My first thought is:

Listen to your tools.

So, let me tell you a little story. There I was, about a year into working on C code professionally. The project I was working on was an Airbus A-320 simulator that was originally written in QNX 2.0 and was being forward ported to QNX 4.2x. It was a really nice little project. The problem I was solving was the last in a long line of problems; one of our senior developers had run out of time, and it was left to me. We were modifying a video driver that used DMA and I/O ports. All that was done, and everything worked except for the fonts. The screen display had circles, boxes, lines, and raster images. The problem was that all the letters showed up as vertical lines.

So I compiled up the code, and 30 screens of warnings go flying by. It was a really large project, with hundreds of files. Most of the files were modified by an automated tool called MIG24 (Migrate from QNX 2 to QNX 4). So I listened to everybody who told me, "Don't worry about those warnings, they're all over the place". One of the warnings in the files I was was working on was: "No prototype for 'round()'". This concerned me as I knew we used the round function. I asked around, and was told 'round' was a standard C function and not to worry about it.

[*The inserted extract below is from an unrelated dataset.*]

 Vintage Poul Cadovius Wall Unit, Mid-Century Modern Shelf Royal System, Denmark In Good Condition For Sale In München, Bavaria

I ground up against this problem for about three weeks. I assumed we were sending the wrong commands to the hardware. I spent a great deal of time looking into that. And then more and more time; poring over that area of code, using the debugger, spending lots of time writing little test drivers, compiling and re-compiling that code over and over again. I watched the screens full of errors, happily ignoring them for a week or two. Eventually I finally figured the hardware commands were right, otherwise all the other stuff wouldn't work. So I started to debug the font rendering code directly. After a day or two of that, I checked the coordinates of the fonts. Huh? The coordinates that we are pushing to the hardware should draw vertical lines. Another important lesson:

Computers almost always do exactly what you tell them to.

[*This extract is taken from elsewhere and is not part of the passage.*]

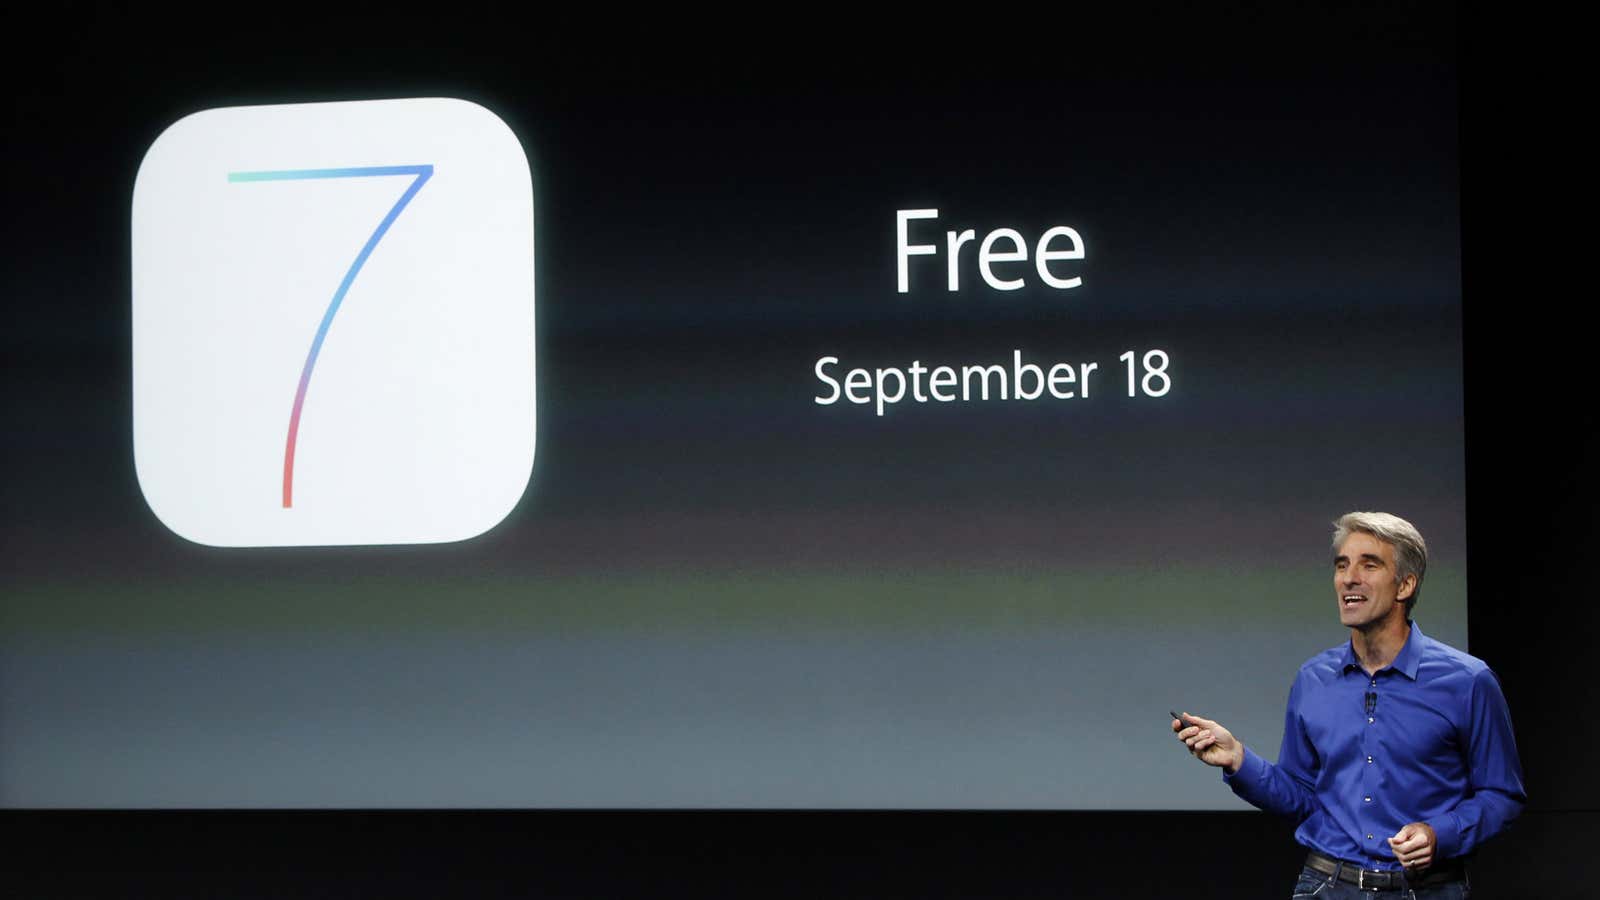 Apple’s Craig Federighi talks about iOS7 at the company’s event in Cupertino, California.

So I start poking around some more, and look at the coordinate computations. They are all clearly correct. They are using the scaling ratio to take a standard size letter and scale it to the right size. So I go check the code that's reading in the fonts, and I check the source data of the font. Hmmm, that all looks good. So I go look at that "obviously correct" scaling code:

float scaleFactor = /* floating point computations. */
int scaledX = round(initX * scaleFactor);

So after printing out scaledX, initX and scaleFactor, I finally figure out that my whole problem was in "round". I tool around some more and find out that C compilers (or at least this one), generate a prototype that assumes all arguments are ints. So it would take "initX * scaleFactory", which produces a float, and pass it using the integer calling conventions, because there was no prototype. So after three weeks of chasing DMA, reading hardware specs, re-confirming the I/O bit-twiddling, chasing file I/O and validating input, I find out that all I had to do was go to the header file for the helper math routines and add

int round(float value);

That was it. Three whole weeks of hard work assuming it was the dirtiest, nastiest problem it could be. The whole time, from the very first compile, my tools told me exactly what the problem was. I just didn't want to listen.

This was my hard knock lesson in listening to my tools. The people who write tools are generally fairly clever folks. They do not warn about things for no good reason, especially at the default warning level. When a tool generates a warning, the first order of business is to research why it does, what the implications of that warning are, and to then fix that warning.

When a tool, especially a high quality tool, prints out a warning - no matter what the tools, be it a C/C++ compiler, Python, the make build system, etc - take the time to track it down. Who knows? It might save you three weeks of hard knocks.